七十年代末调查组找马小峰调查时,他正在一个化纤厂当搬运工。厂干部领着调查组出现在他面前时,他正在仓库和人嬉皮笑脸,双手抓着麻袋准备上肩。
马小峰在周汉臣案件调查记录留下的那段开场白,似乎很明白地讲清了他对周汉臣案件的观点。他说:这是一个历史的悲剧。周汉臣是个好老师,我们荆山岛工读学校的每个学生都得到过他的帮助。就拿我自己来讲,这么多年总忘不了他对我的教导。我觉得应该给他平反,开追悼会纪念他。
调查人问:周汉臣给过你什么帮助?
马小峰回答道:他让我懂得规矩,懂得做事要讲理。他给我的帮助太多了。譬如我现在写一手漂亮字,就是他留给我的财富。我从小学习不好,字写得像狗爬。他教我一种速成的练字方法,就是照着书上的楷体字一个一个练。一天写好二十个字,一个月就写好六百个字,三个月就写好近两千个字。他告诉我,常用字也就这么些。我每天写一篇字让他去看,他一个一个指点我笔画,还让我在学校里抄黑板报,结果我的字就练出来了。
马小峰所言不虚。几十年后的今天,当作者见到他时,他虽然是像搬家老鼠一样东跑西颠的小门市经理,可是写得一手漂亮字。若说字是男人相貌的一半,这笔字就让人对他刮目相看。要说明的是,“字是男人相貌的一半”就是周汉臣几十年前告诉这个当年的小狼崽子、今天的门市部经理的一句格言。
当我们更多了解马小峰这个人物后,得知他从小死了生母。继母又生了一个弟弟,成为家中的宠儿,他这个后娘养的小崽子在家中开始受气。后来,他就成了一个到社会上让别人受气的野小子了。

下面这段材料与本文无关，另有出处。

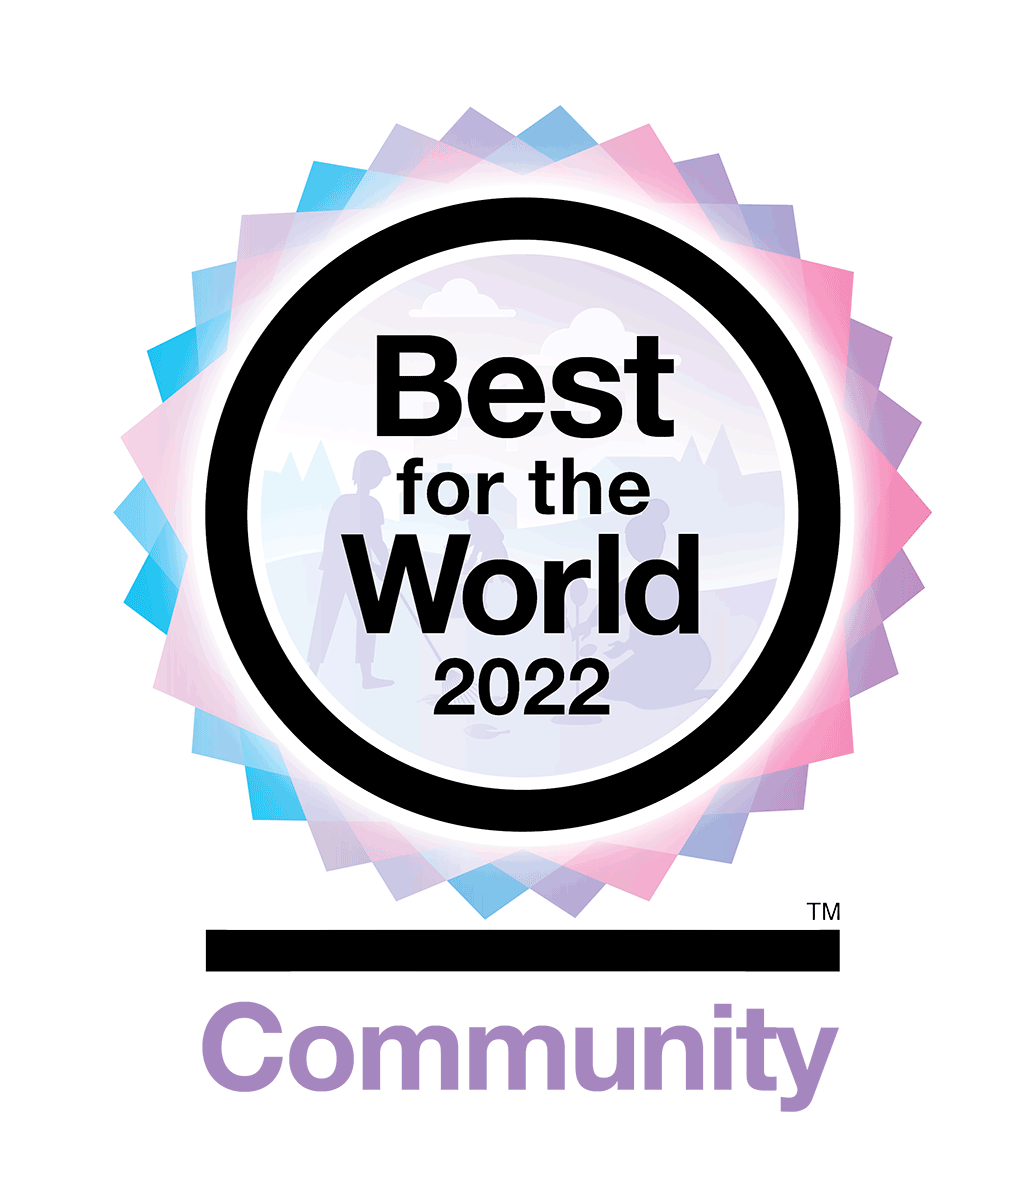 Best for the World 2022 Award for Community

仔细阅看当年调查组找他调查的谈话记录,发现他一开始滔滔不绝讲的许多话都是有关戴良才和眉子的。他坦言说,那时他和戴良才是在周老师面前争宠的对手,互相都用眼睛的余光盯着。只要一发现戴良才往周汉臣那儿去,他就远远跟上了。戴良才和周汉臣说什么话,他都想趴在窗外偷听一下。
可是他很快发现,他在盯戴良才,戴良才是在盯眉子。
眉子几乎隔一两天就要去周汉臣那里一次。有时是围着周汉臣转来转去,送壶开水,倒个纸篓,换一瓶花。有时周老师根本就不在房间里,她不过是往门缝下窗缝里塞一张明信片。眉子常常是一路哼着歌去,哼着歌回来。
戴良才就像掉到醋缸里的狼崽子一样,酸溜溜回来。
有一次,戴良才看见眉子的明信片在窗缝外露了一截,就抽出来偷偷跑了。
马小峰说:戴良才追眉子,眉子又单恋着周汉臣,所以戴良才对周汉臣是心怀不满的,不管他自觉不自觉。后来在打倒周汉臣的过程中,戴良才都起了鼓动风潮的作用。
调查人问:是吗?
马小峰说:这情况你不要听我一个人讲,你可以找当年工读学校的所有学生调查。我这个人有一说一有二说二,绝不玩虚的。戴良才那一阵简直可以说是一个演说家。有好几次,他跳到台上控诉周汉臣的反革命罪行,直讲得有点天昏地暗。有一回控诉着控诉着就哭开了,哭得天上也下雨了。一群人跟着他发疯似的呼口号。要用文学字眼说,真是人如狂潮。这情况我编不出来。不过我要说明,我刚才那么讲,绝不是说戴良才一个人的责任。周汉臣老师的事情主要是历史性悲剧。如果一定要追究责任的话,我看当时的工读学校学生没有一个人能完全洗清自己,除了白雪公主。
调查人问:白雪公主是谁?
马小峰回答:她叫姜囡囡。只有她一个人自始至终没有向周汉臣老师举过一次拳头,唾过一口唾沫。
调查人问:那是为什么?
马小峰说:说来就话长了。
这是作者在当年的调查记录中第一次看到有关白雪公主姜囡囡的特别说法。往下我们还可以看到对她的专门描述。调查记录显示了调查人抓住一个个关键问题逐层深入的意图。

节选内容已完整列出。